Смесь из растерянности, отвращения и великодушия могла быть оправдана лишь последующей суровостью воина, беспощадного к врагам и к собственной жизни. Но не очень-то похоже, чтобы ему позволили теперь воплотиться в образ беспощадного воина. Врачи упорно поговаривали о демобилизации. А голубоглазый немчик, если не заплутался окончательно в ничейном лесу, наверняка очухался от потрясения и заиграл автоматом, на гибель кому-то из наших. Вот почему недопустимо великодушие на войне. Правда, не стоит брать на себя лишнее — великодушия в его поступке не так уж много, совсем чуть-чуть, но все-таки было, а еще хуже все остальное — растерянность, душевная квелость, смятение и черт знает что еще.
Сам не понимая зачем, в одну из бессонных ночей, когда снотворное не могло пересилить боли в отрезанных пальцах, Петров доверился соседу по койке, старому солдату-вологжанину. Старому солдату было едва за тридцать, но он воевал уже третью войну: был под Халхин-Голом, на финской и с первого дня впрягся в Отечественную. Солдат выслушал его спокойно, не перебивая, лишь порой скрываясь под одеялом, чтоб сделать затяжку, — в палате курить запрещено, — и, чуть усмехнувшись, сказал: «Это что! В первом бою, когда командир нас поднял, я все портчонки замочил.
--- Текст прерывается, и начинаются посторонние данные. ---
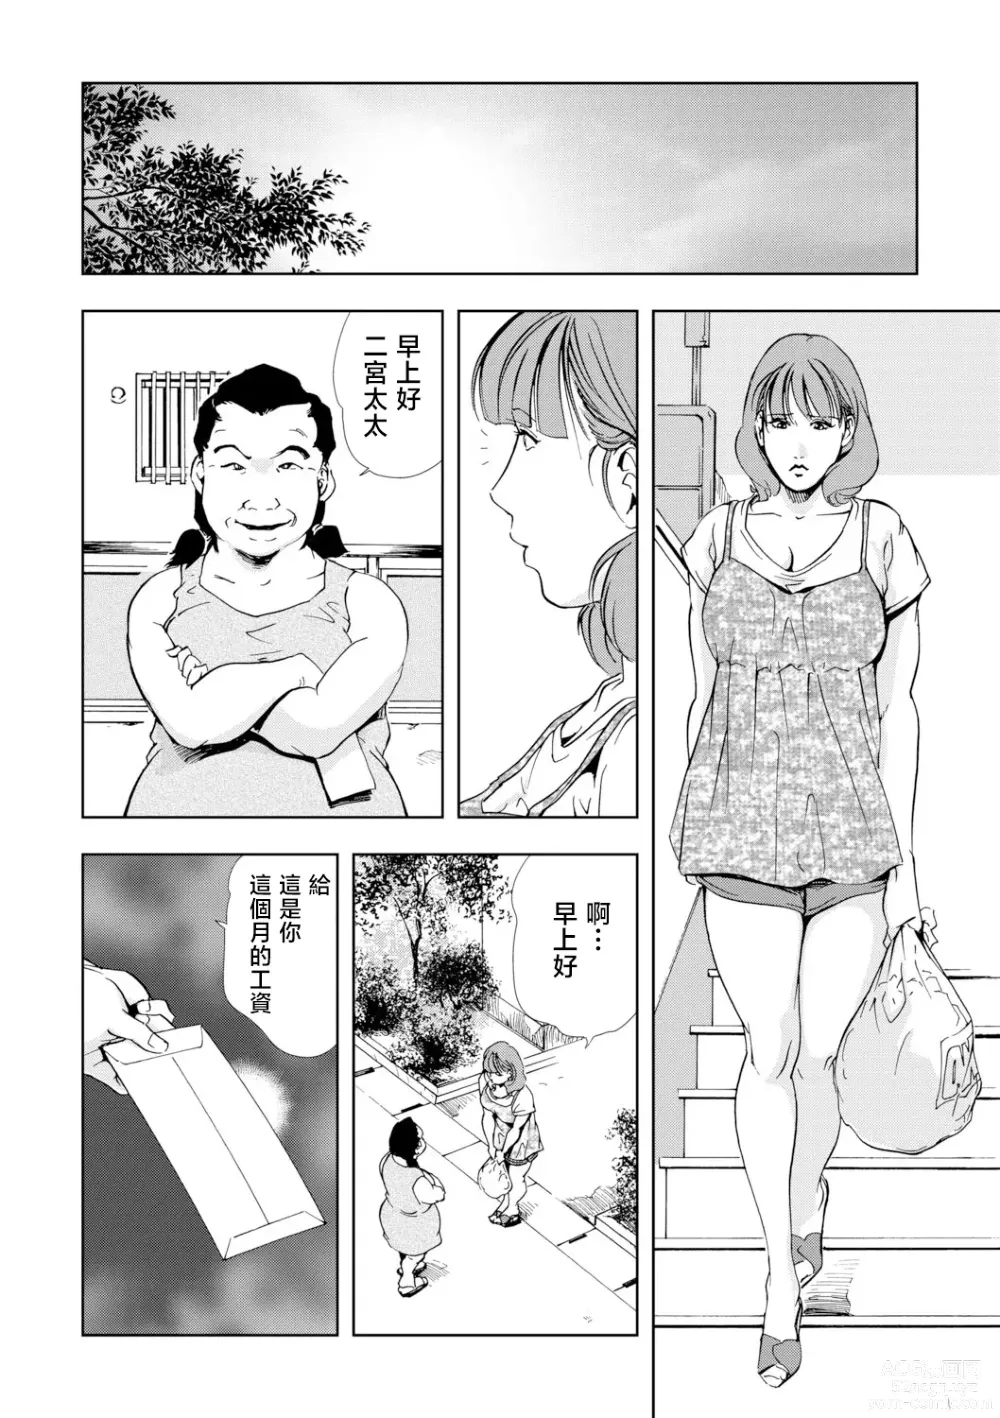 Page 6 of manga Netorare Vol.03
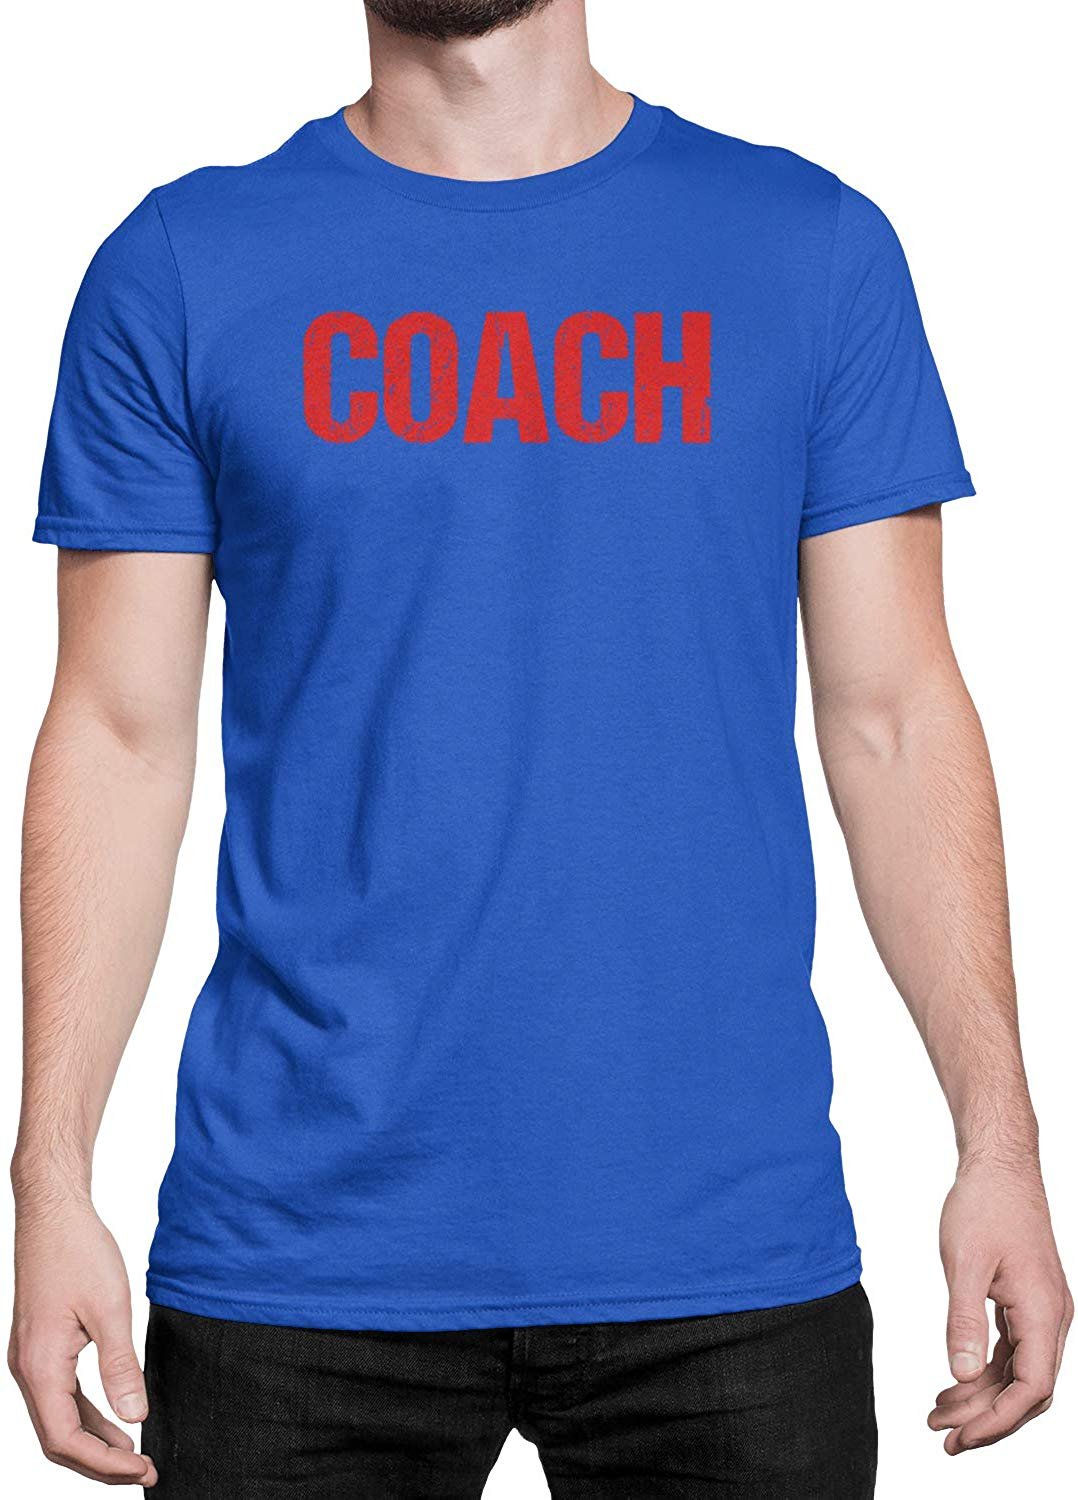 Coach T-Shirt Sports Coaching Tee Shirt (Royal & Red, Distressed)

Хорошо, в степях солнце горячее — обсохло, ребята не заметили». У Петрова что-то оборвалось внутри — пусть не впрямую, но старый солдат уподобил его поступок этому крайнему сраму. «Да я не от страха, — сказал он с тоской. — Сам не пойму с чего». — «А это и есть страх, когда сам не поймешь с чего. На войне многое так делается, и кабы только рядовыми! Потом, конечно, пообвыкнешь, хотя, чтоб вовсе страх прошел, такого не бывает. И ты не верь, если кто загинать начнет. Я четыре раза награжденный, обо мне цельная канделашка в газетах написана: бесстрашный воин и всякая фигня. А какое, к лешему, бесстрашие, когда ты весь мясной и мягкий и ничем не защищенный? Чепуха все это, пена. А что ты от немца пополз, а он от тебя — удивляться нечего. Тут бы и каждый очумел, когда в первый раз и чуть не рылом во врага ткнулся, — законное дело!..»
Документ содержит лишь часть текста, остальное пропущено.